Y no es lo único que puede perder. Las investigaciones muestran claramente que los niños sometidos a privación lingüística y aislamiento tienen problemas para desarrollar su cognición social (la llamada Teoría de la Mente), esto es, para reconocer estados mentales (creencias, emociones) en los demás y construir una relación apropiada con su entorno. Las consecuencias de esa limitación pueden acompañarlos durante mucho tiempo. Un estudio muy reciente sobre más de 1500 individuos sordos mostró que las personas que han sufrido privación lingüística tienen un riesgo considerable mayor de sufrir depresión y ansiedad, e incluso diabetes, hipertensión y enfermedades pulmonares (DOI: 10.1016/j.amepre.2020.04.016)
¿Por qué entonces no poner en contacto al niño sordo con una lengua de señas lo más pronto posible? La lengua de señas es un idioma pleno, perfectamente capaz de expresar toda la gama del pensamiento humano, que le permitiría al niño sordo exactamente el mismo desarrollo cognitivo que una lengua oral. Lamentablemente, los médicos y educadores tienen severos prejuicios contra las lenguas de señas, no aceptan su carácter pleno, y llegan hasta a castigar a los niños sordos por usar señas. Transmiten esos prejuicios a los padres con mucha facilidad. La consecuencia es que la vasta mayoría de niños y niñas sordas en nuestro país sufren privación lingüística, lo que los expone a los efectos ya descritos. Y esto se hace legalmente: en el Perú es legal impedirle el acceso a la LSP a un niño sordo.

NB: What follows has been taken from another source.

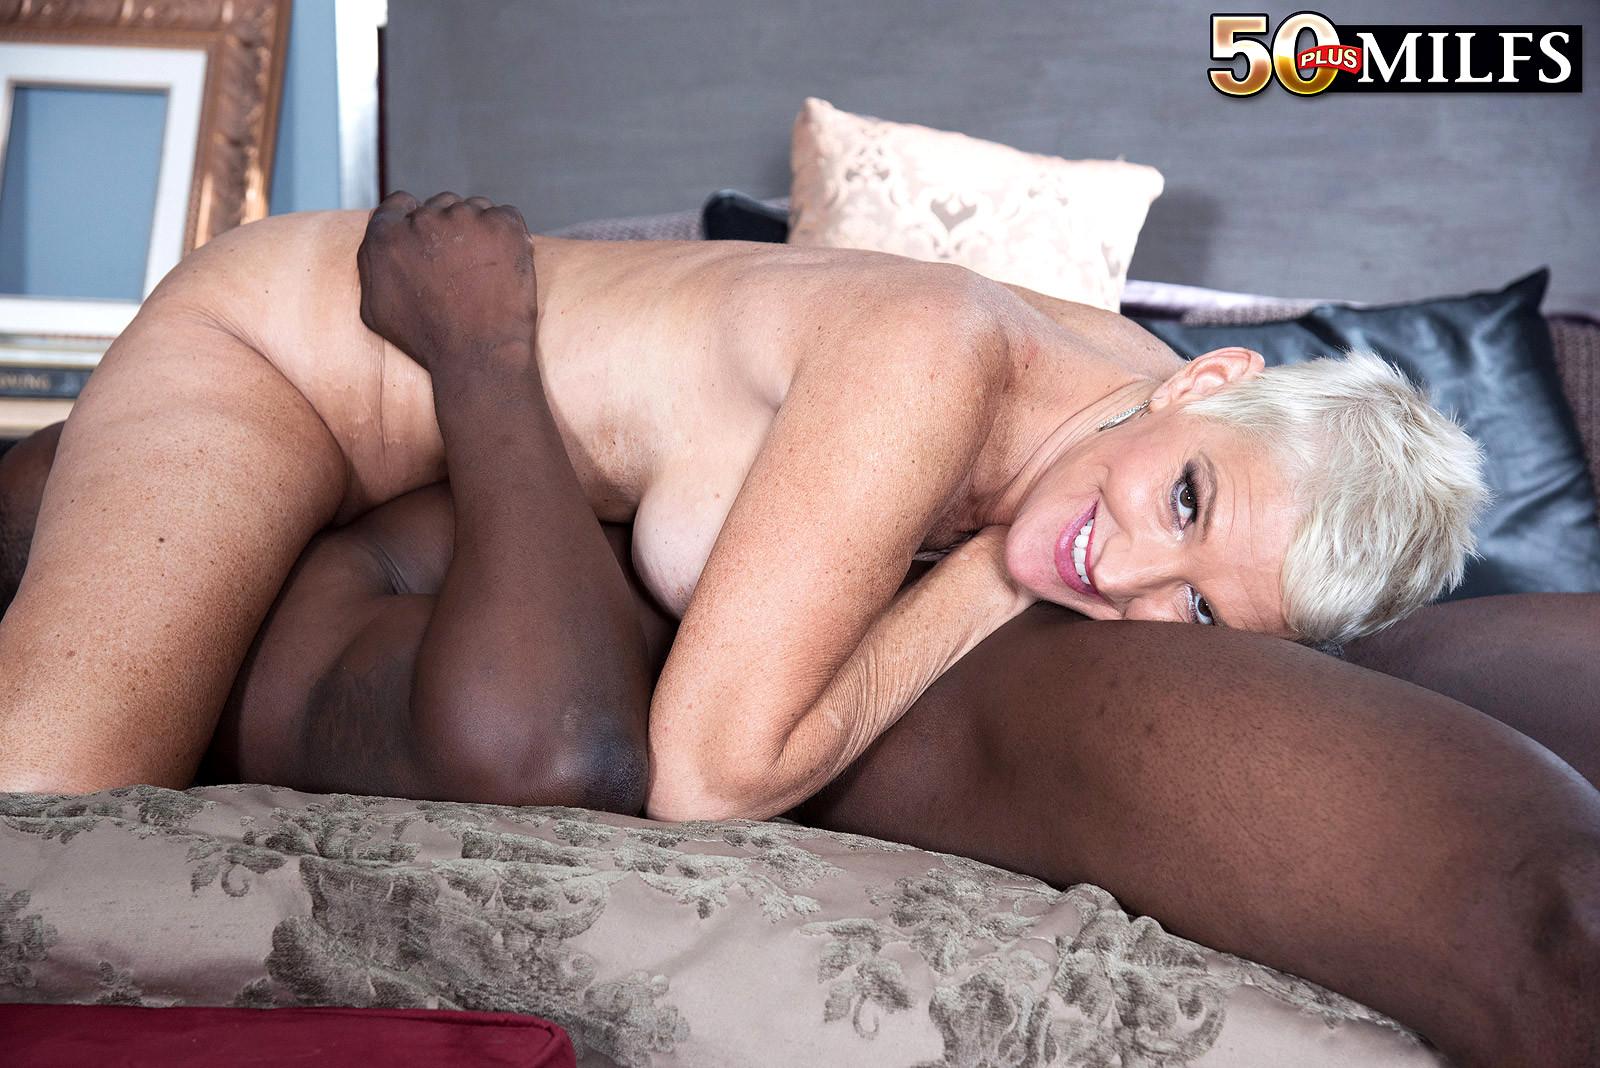 Babe Today 50 Plus Milfs Lexy Cougar Fullhd Pornstars -2987
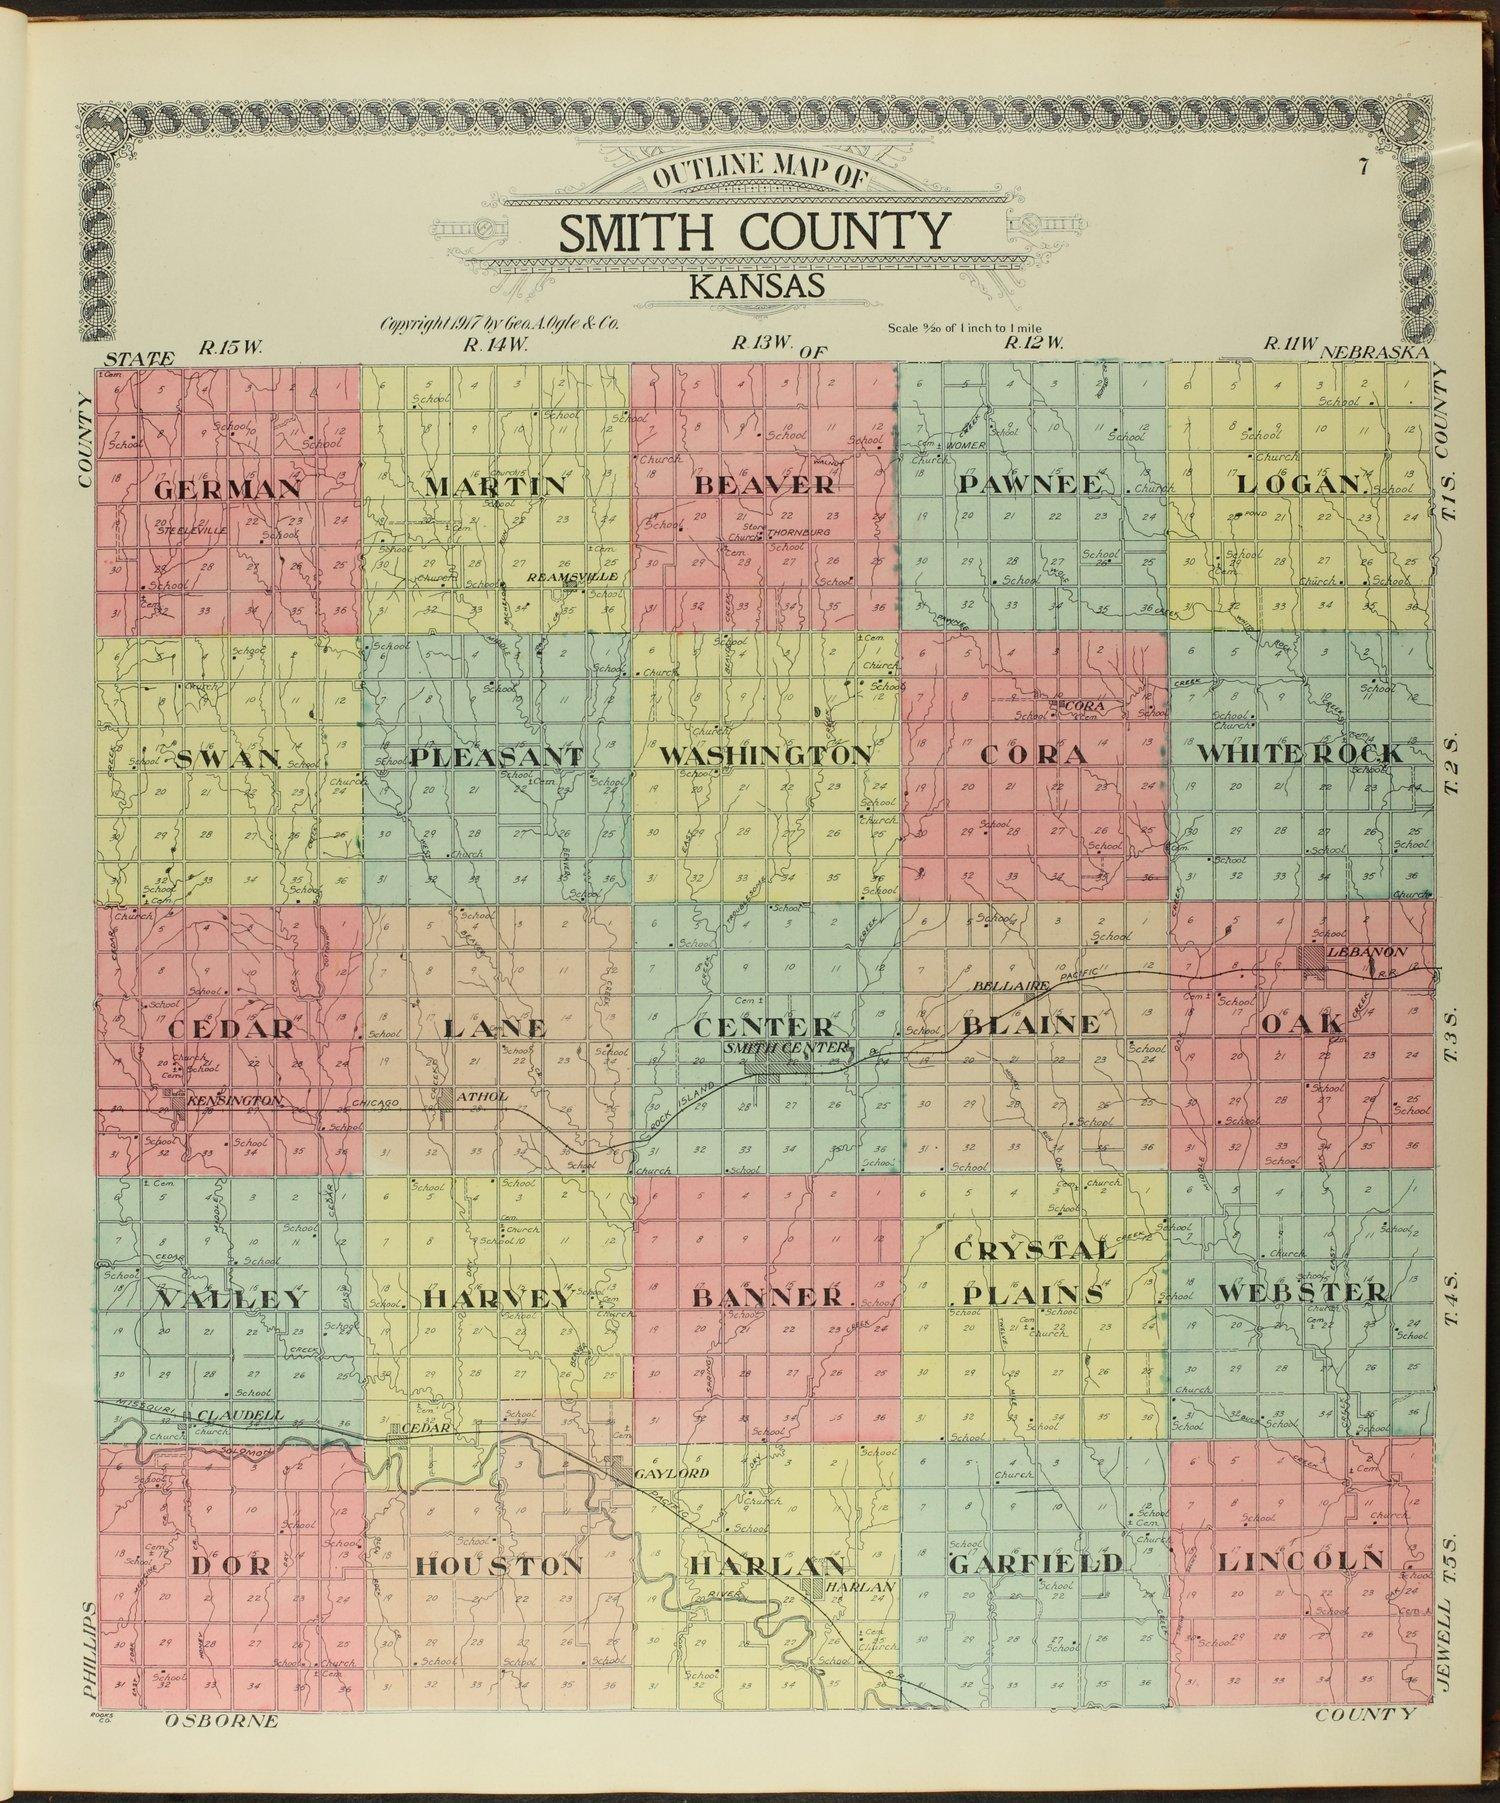 Standard atlas of Smith County, Kansas - 7

Tan arraigado está este prejuicio contra la LSP, que hasta el Estado discrimina activamente contra la lengua de señas, incluso con el entusiasta apoyo de algunos lingüistas. En particular, a pesar del reconocimiento oficial a la LSP, el Ministerio de Cultura no la reconoce como una lengua originaria peruana, y así la excluye de la política lingüística nacional. Eso significa que no entrena intérpretes en LSP, no promociona la cultura sorda, y ni siquiera menciona la LSP en los catálogos de lenguas peruanas (ver https://lucidez.pe/los-sordos-peruanos-y-su-lengua-ignorada-por-hugo-olivero/)
Esta actitud discriminatoria estigmatiza aun más a la LSP, y coloca a los padres en una encrucijada. Por un lado, el médico les dice que no le den acceso a su hijo a la lengua de señas; por otro lado, el Estado la oculta, y, por lo tanto, la desvaloriza. La decisión que toman, de no incluir a su hijo sordo en la LSP, está casi forzada por las instituciones más prestigiosas.
Y ocurre que no hay contradicción entre usar implante coclear y adquirir la LSP. Al contrario, la adquisición temprana de una lengua de señas facilita la adquisición posterior de una lengua oral. Como mínimo, es la garantía de que el niño sordo desarrolle su cognición de manera plena, sin contar con que es la lengua que está más inclinado a aprender, porque se construye en la modalidad visual de manera perfectamente natural y sin más esfuerzo que el contacto de una comunidad señante.
Cualquiera de nosotros se indignaría de enterarse que un niño o niña ha sido encerrado, por ejemplo, en un sótano sin que nadie hable con él o ella, privándolo de una lengua. Probablemente llamaríamos a la policía inmediatamente. Pero esa es la realidad de casi todos los niños sordos nacidos en familias oyentes, encerrados en su propia mente, en su propia casa, a vista y paciencia de todos nosotros. Legalmente.
(*) Ph.D. y M.A. en Lingüística Teórica. Lingüista y docente PUCP.